Essentially, this is a light-hearted sexy spy romp, or that’s the plan. The plan falls apart, just like Sumuru’s plan for her women to seduce the world’s most powerful men. Her ambitions are thwarted by the inability of either her or any of her followers to resist the manly charms of CIA agent Nick West (George Nader), whose patronising refusal to take Sumuru’s plotting seriously is precisely what they should be fighting against. Instead, they can’t seem to stop themselves from leaping into his arms. Women!

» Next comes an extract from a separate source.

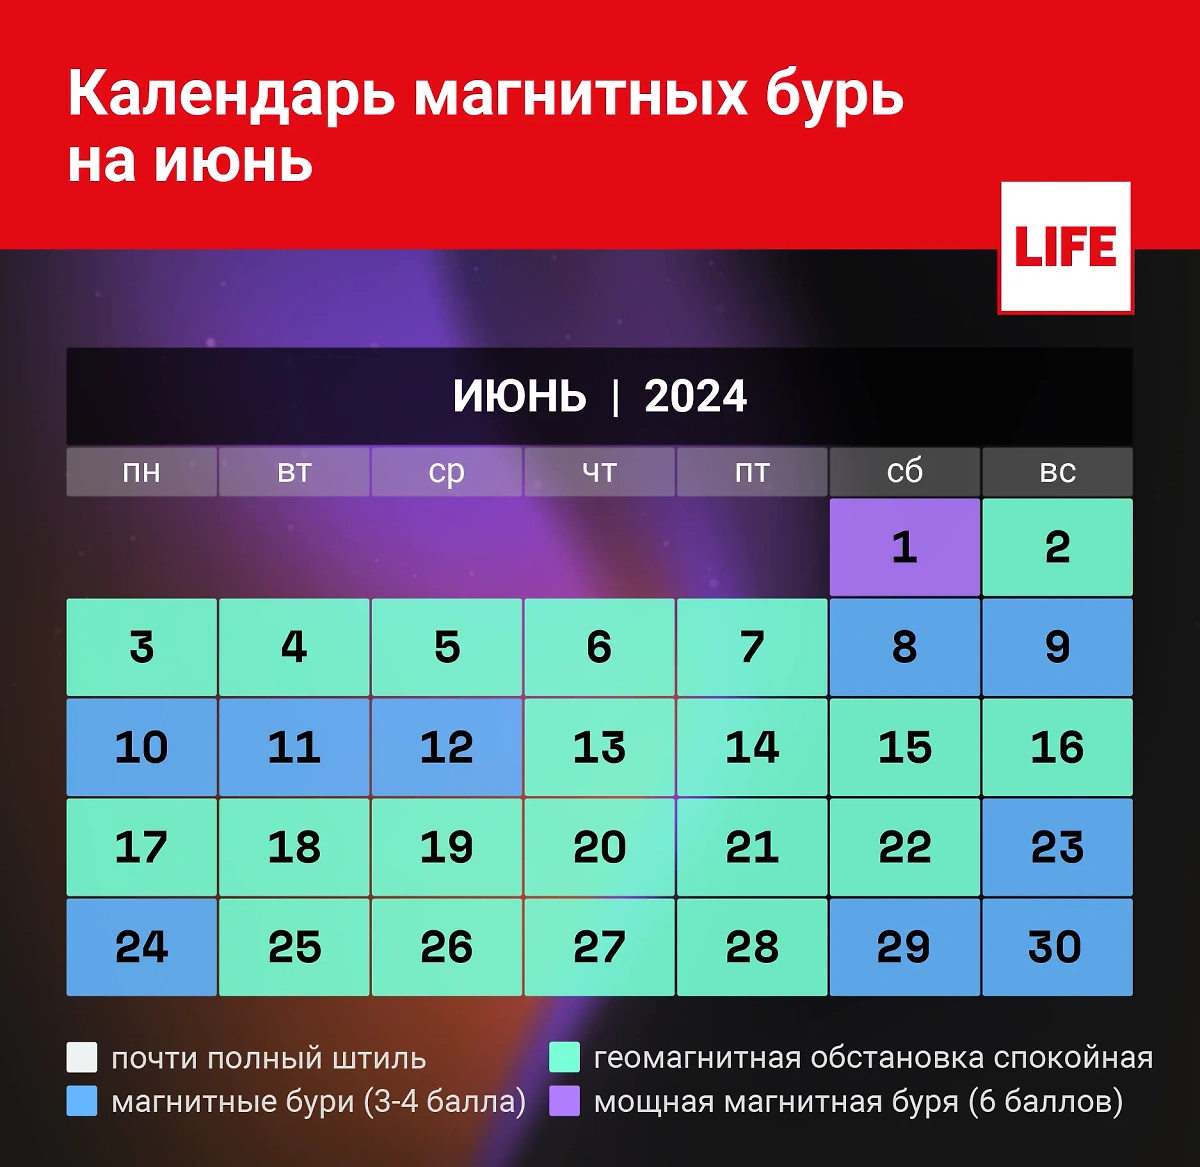 Календарь магнитных бурь на июнь 2024 года, прогноз на каждый день. Инфографика © Life.ru

It might be more believable if they were leaping into the arms of his partner Tommy Carter, played by top-billed teen heartthrob Frankie Avalon rather than into the comparatively wizened arms of West, but Avalon seems to be taking a back seat. In fact he seems a bit puzzled as to what he’s doing in the film at all, a confusion at one stage profound enough to make its presence felt in the script. While waiting for one of Sumuru’s acolytes to disrobe – and thus prove that she has no weaponry concealed about her person – Avalon muses: ‘I wonder if this is where I’m supposed to sing’, as if he thinks he’s still on the set of Beach Blanket Bingo (1965).

Jumping into a Chinese fisherman’s boat and ordering the occupant to ‘Follow that car’, he is told by the fisherman: ‘You in the wrong picture’. Like all the jokes in this film, this isn’t funny, but like some of the jokes in this film, it has a ring of cold hard truth about it – everyone here is in the wrong picture.

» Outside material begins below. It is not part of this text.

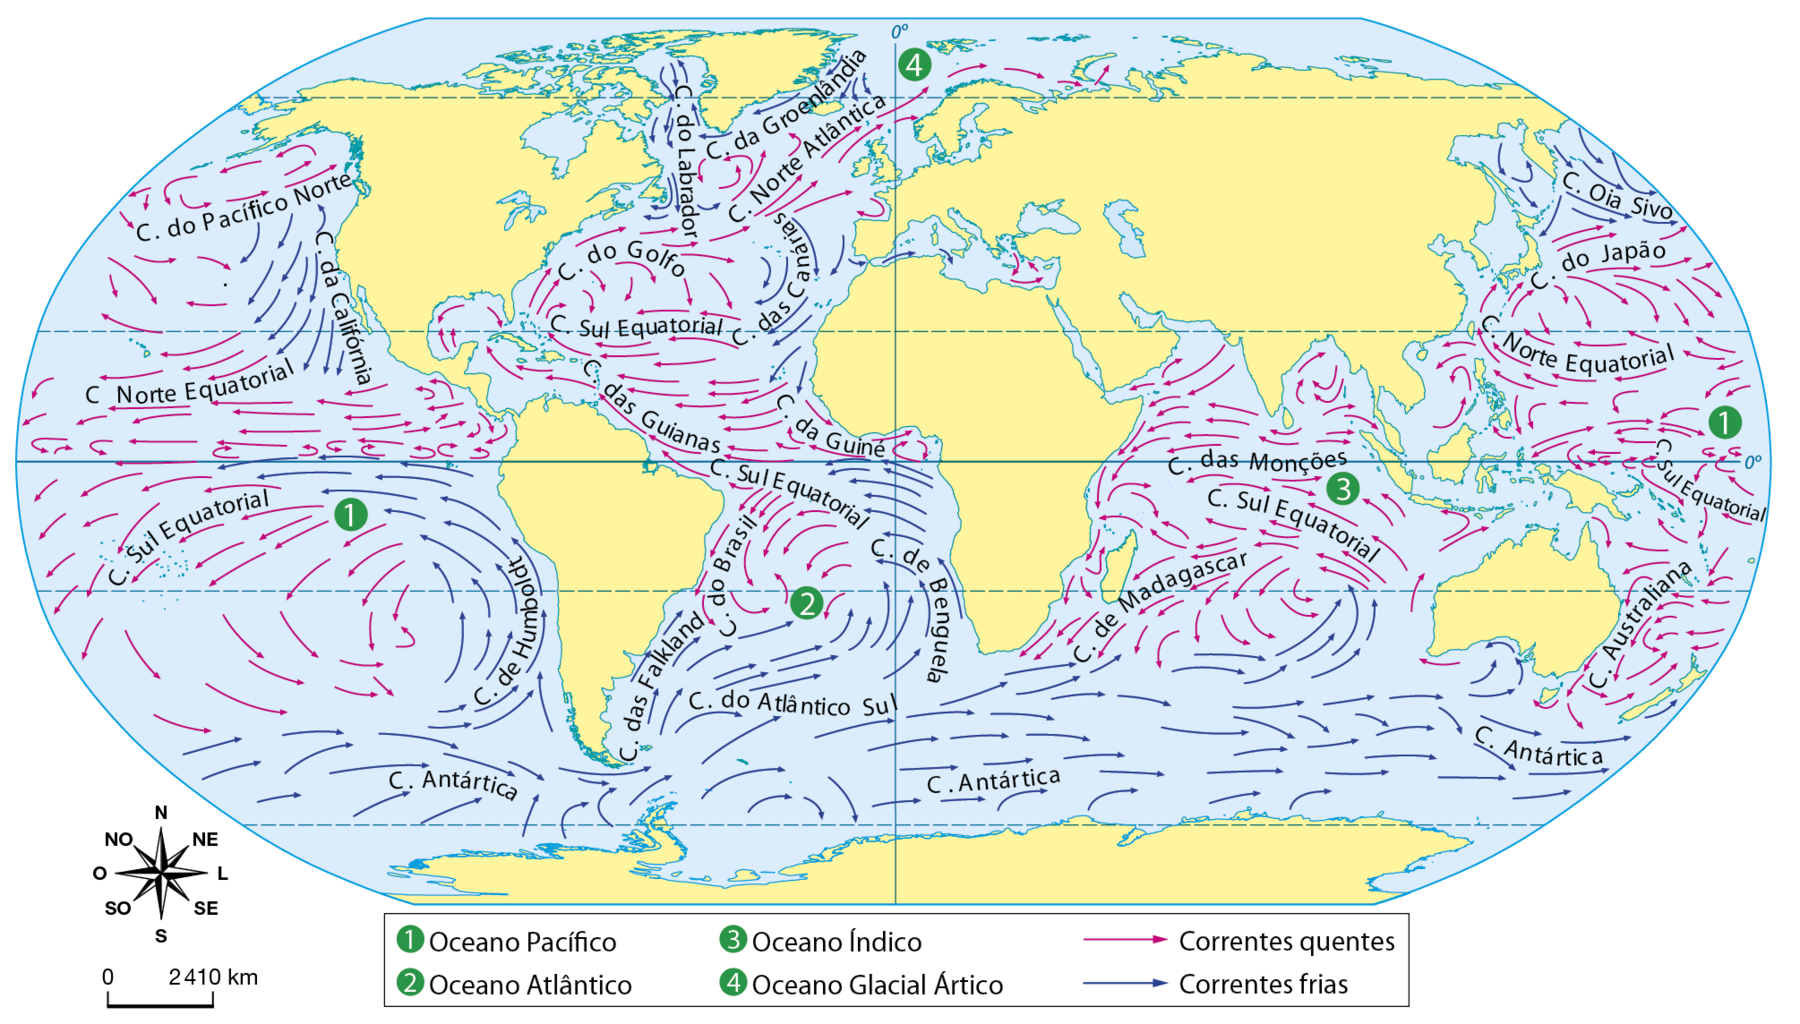 Mapa. Planisfério: Correntes Marítimas. O mapa representa as correntes marítimas quentes por setas vermelhas e as correntes marítimas frias por setas azuis. Oceano Pacífico: Correntes marítimas quentes. Corrente do Pacífico Norte, Corrente Norte Equatorial, Corrente Sul Equatorial, Corrente do Japão e Corrente Australiana. Correntes marítimas frias: Corrente da Califórnia, Corrente Oia Sivo, Corrente de Humboldt e Corrente Antártica. Oceano Atlântico: Correntes marítimas quentes. Corrente Norte Atlântica, Corrente do Golfo, Corrente Sul Equatorial, Corrente das Guianas  e Corrente da Guiné. Correntes marítimas frias:  Corrente do Labrador, Corrente da Groenlândia, Corrente das Canárias, Corrente de Benguela, Corrente das Falklands, Corrente do Atlântico Sul e a Corrente Antártica. Oceano Índico: Correntes marítimas quentes. Corrente das Monções, Corrente Sul Equatorial e Corrente de Madagascar. Corrente marítima fria. Corrente Antártica. Oceano Ártico: Corrente marítima quente. Norte Atlântica Correntes marítimas frias: Corrente do Labrador e Corrente da Groenlândia. Abaixo, rosa dos ventos e escala de 0 a 2.410 quilômetros.

Sometimes it’s hard to tell what’s a joke and what isn’t. At one stage the corpse of a woman lands up in Nader’s hotel bedroom. Avalon asks if the woman is indeed dead, and Nader says either that or she’s ‘a damned good actress.’ This last, needless to say, is unlikely.

Shirley Eaton as Sumuru seems mostly intent on keeping her dignity intact, and almost manages it, though her habit of flashing her eyes to convey fury or psychopathic mania, or something, doesn’t work at all. George Nader maintains a cheesy grin and an annoyingly arch manner throughout while delivering his laboured one-liners. His ironic detachment from events suggest someone trying to disown his own performance even as he delivers it. Frankie Howerd might have pulled it off, but Nader flounders.

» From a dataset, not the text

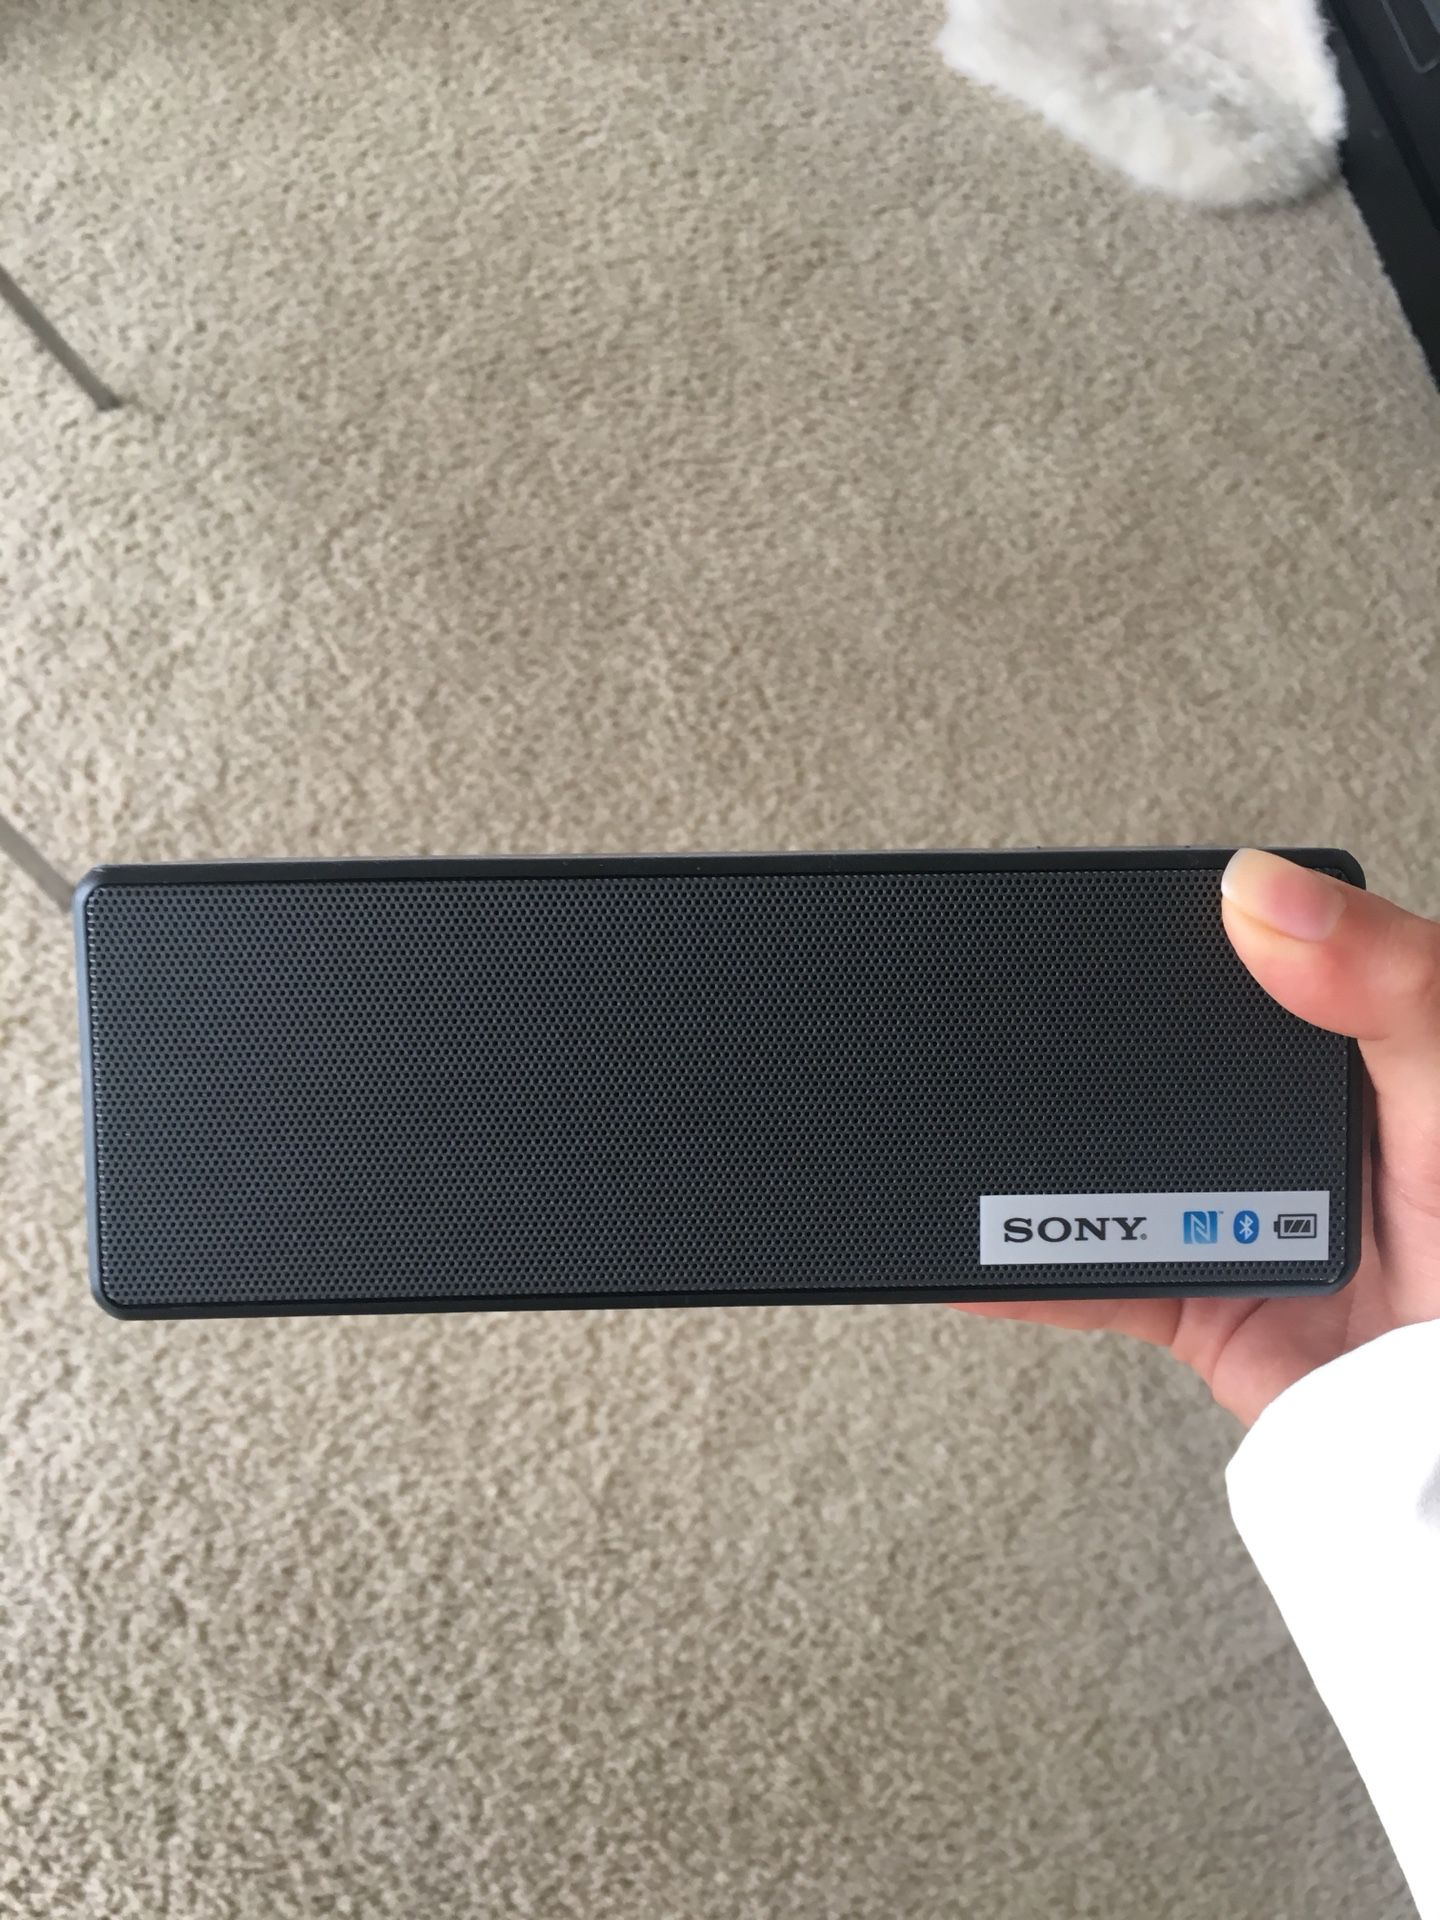 Portable Sony speaker

Meanwhile Avalon might as well be playing himself – the late revelation that he is in fact a British agent posing as an American (he worries about his ‘dreadfully awful’ American accent) is another little joke that sees the film not trying very hard to cover up the fact that it’s not trying very hard. Indeed it almost seems to revel in its inadequacies.

Wilfrid Hyde-White darts in and out as a British diplomat, seeming not so much to be enjoying himself as enjoying the fact that he isn’t in this very much, while Klaus Kinski makes an appearance as President Boong of ‘Sinonesia’ (he was in a lot of crap before he met Werner Herzog). His curious bluish make-up job makes him look recently deceased but I can only suppose that this look is authentically Sinonesian. It suits him when he gets turned to stone, although it isn’t real Boong who gets turned to stone, it’s his double – the real Boong then appears from a backroom in a ridiculous wig.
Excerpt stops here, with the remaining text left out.